With an R_X86_64_PLT32, because foo is preemptible, LLD will create a
PLT entry and jump to the PLT entry.

You can use -Bsymbolic to make foo non-preemptible and avoid the PLT entry.

You used -noinhibit-exec to ignore the diagnostic, which is usually a bad thing.

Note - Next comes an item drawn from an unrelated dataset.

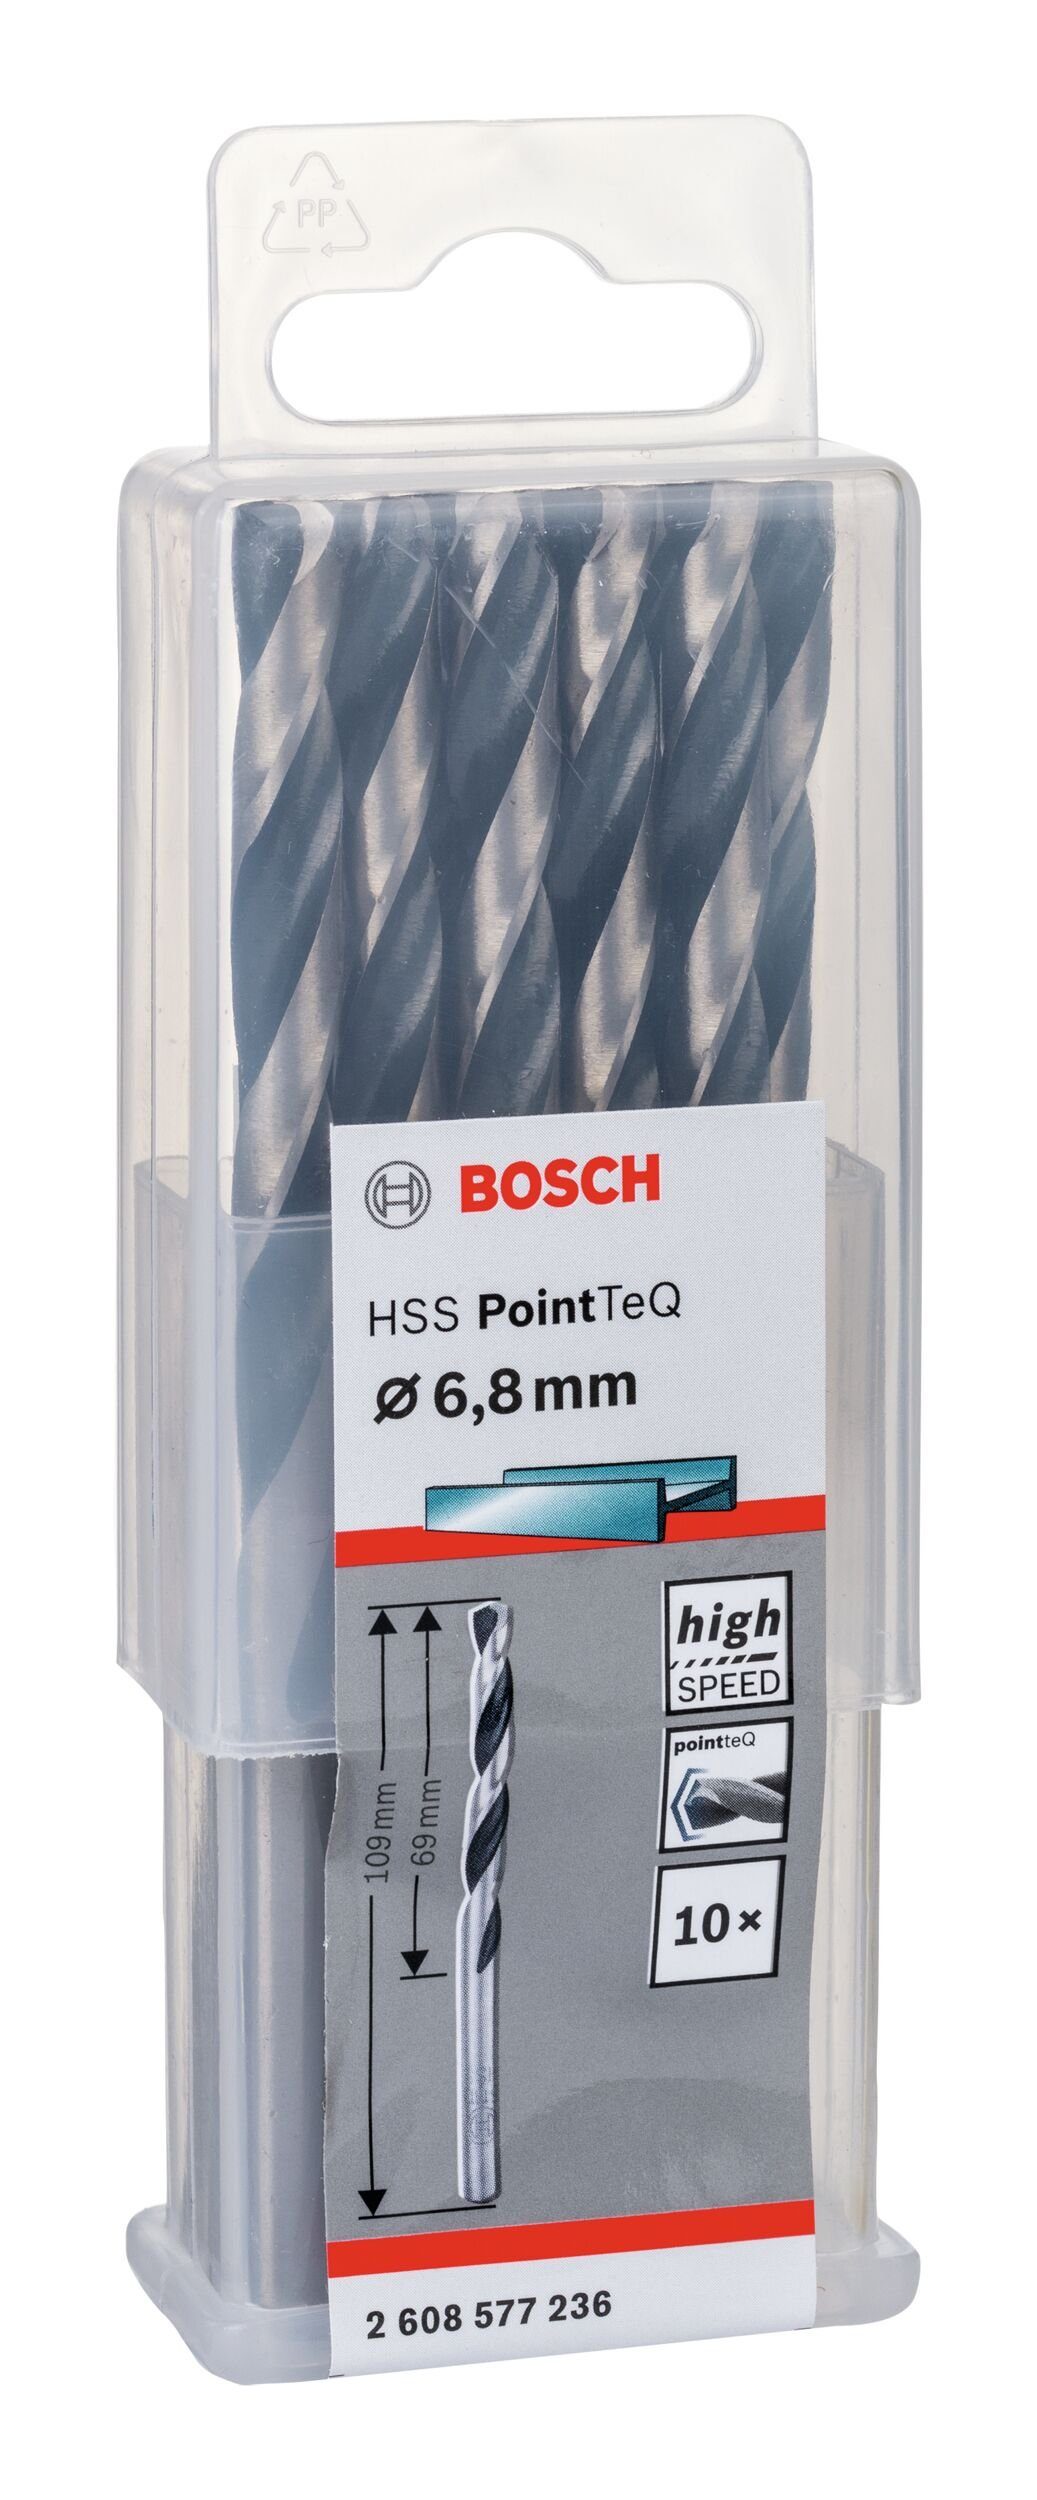 BOSCH 6,8 HSS mm (DIN Metallbohrer, PointTeQ 10er-Pack (10 - Metallspiralbohrer 338) - Stück),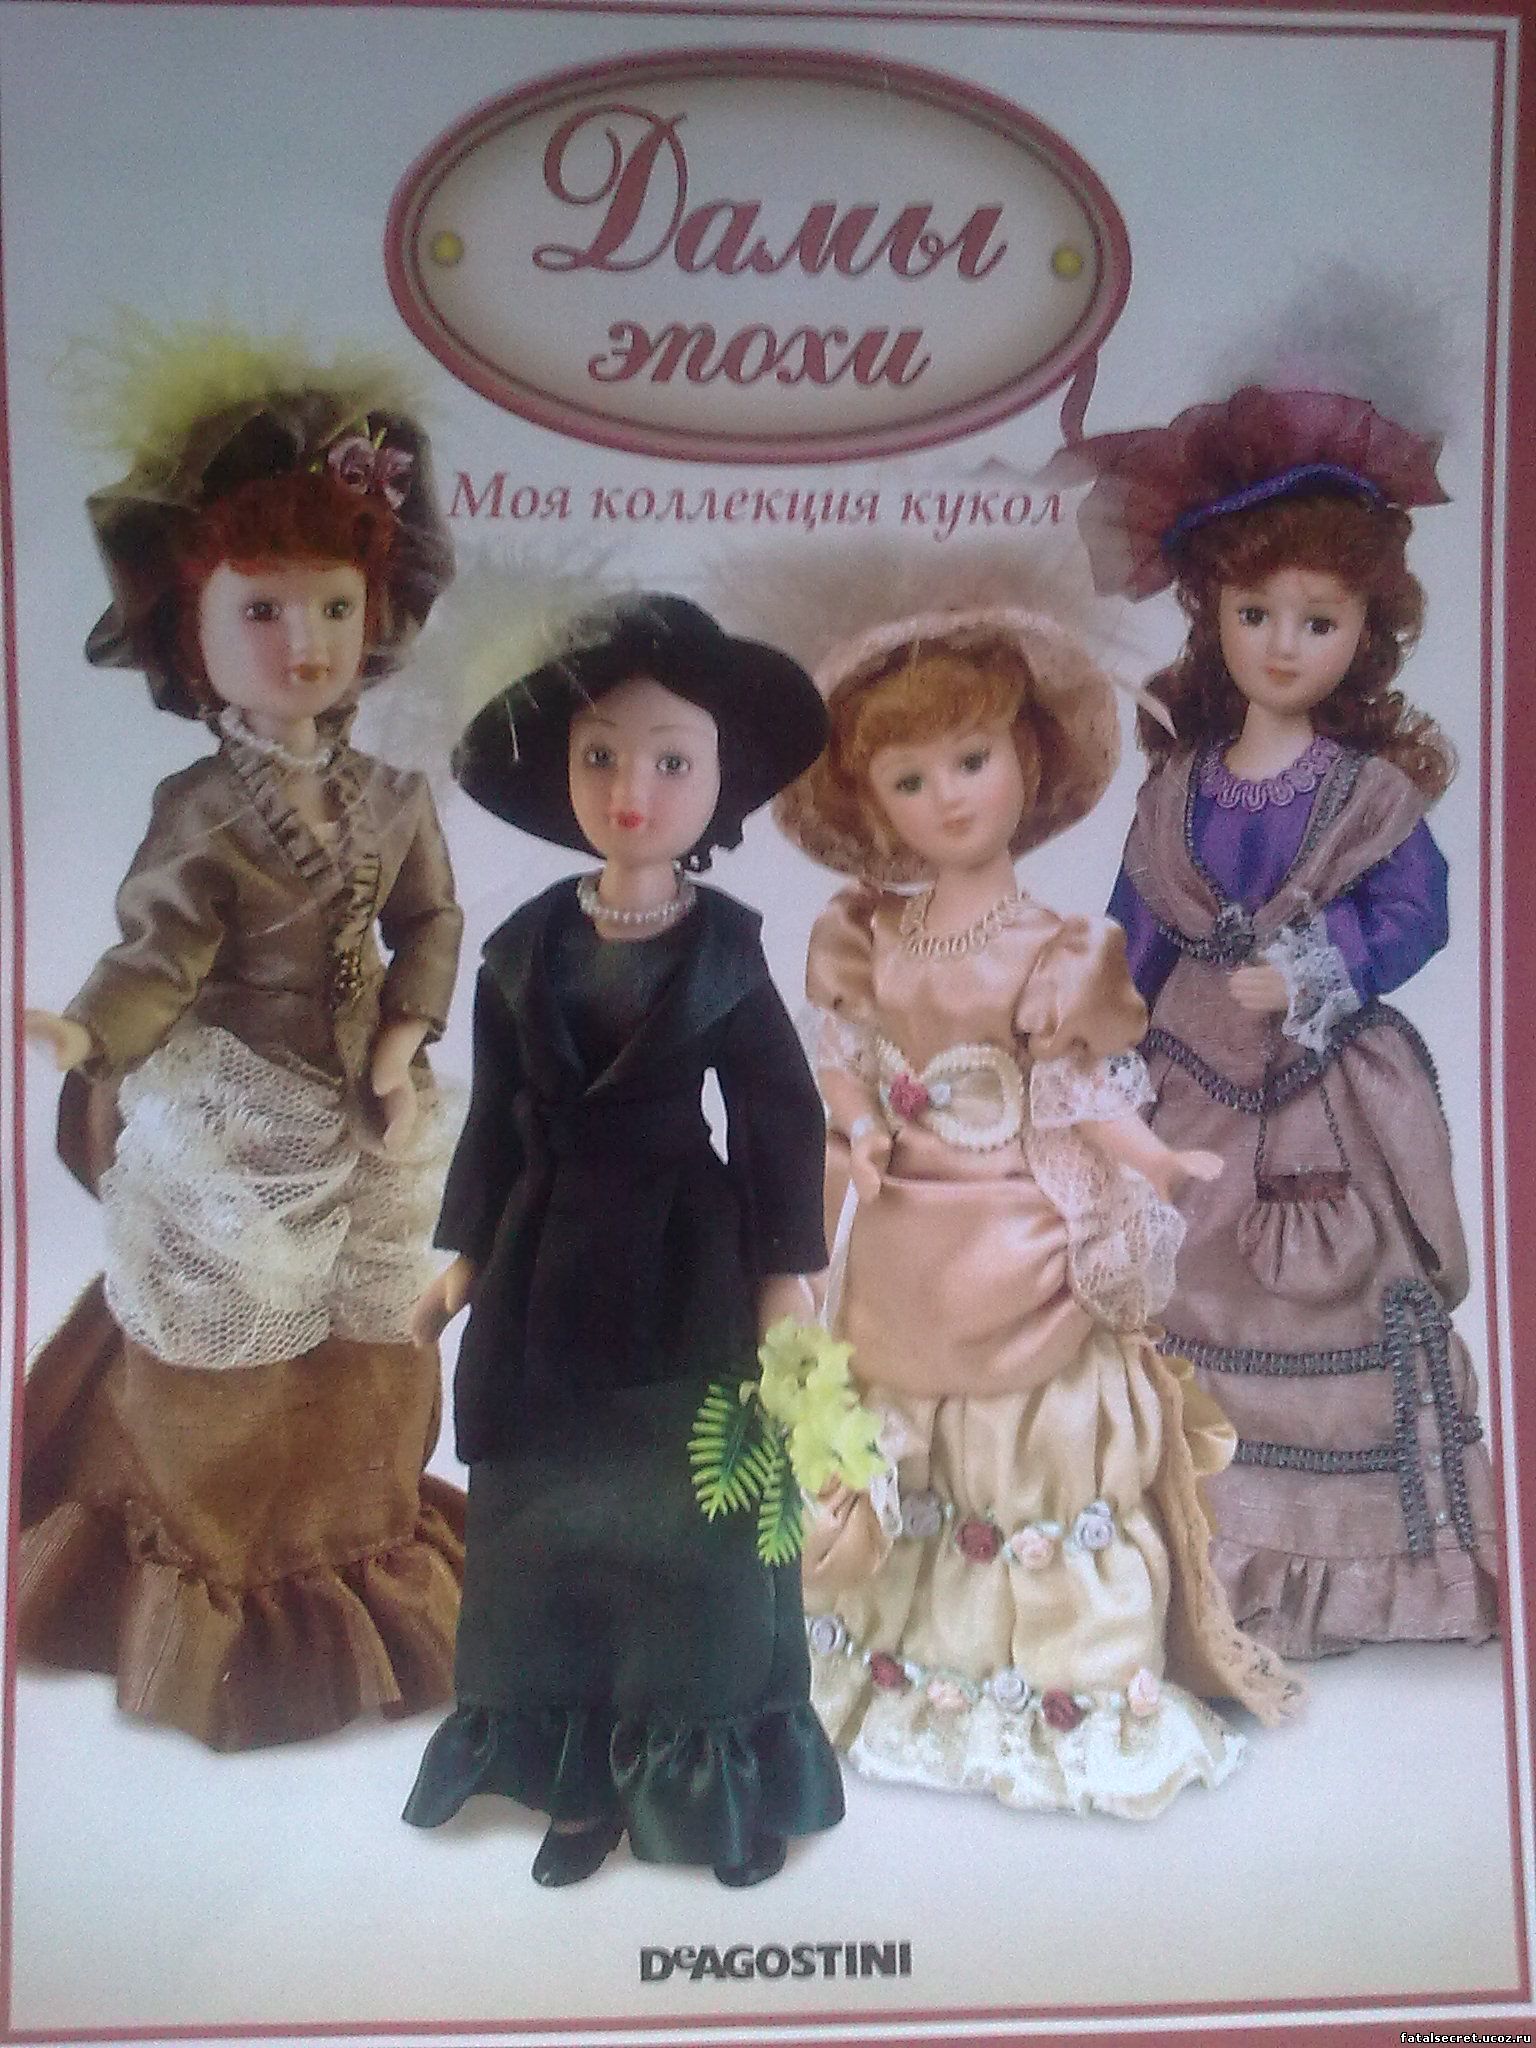 Дамы эпохи список. Куклы дамы эпохи ДЕАГОСТИНИ вся коллекция. Коллекция кукол ДЕАГОСТИНИ Екатерина. Коллекция куклы эпохи героиня Дюма. Дамы эпохи моя коллекция кукол.

I certainly agree with that.

The point I was trying to make in my original email is that, specifically for kernel objects, this diagnostic is incorrect. R_X86_64_PC32 can be used safely against the symbol foo in that specific context, and should be possible without ignoring diagnostics. I wondered if there should be a way for the user to share that notion with the linker (my earlier "-mcmodel=kernel for the linker" comments).

But I understand your point: there are already ways (listed in your previous reply) to share that notion with the linker. Perhaps not in the same way I was imagining, but with the same end result.

Again, I appreciate the replies and help understanding D43383. I'm going to continue to experiment given this information.

Thanks,

Justin

> You used -noinhibit-exec to ignore the diagnostic, which is usually a bad thing.

I certainly agree with that.

The point I was trying to make in my original email is that, specifically for kernel objects, this diagnostic is incorrect. R_X86_64_PC32 can be used safely against the symbol foo in that specific context, and should be possible without ignoring diagnostics. I wondered if there should be a way for the user to share that notion with the linker (my earlier "-mcmodel=kernel for the linker" comments).

The linker flags were designed for userspace programs and I've heard a
complaint from the Linux kernel community as well.
Again, the kernel do not need an additional linker flag. If ELF
interposition is not possible, the existing -Bsymbolic works.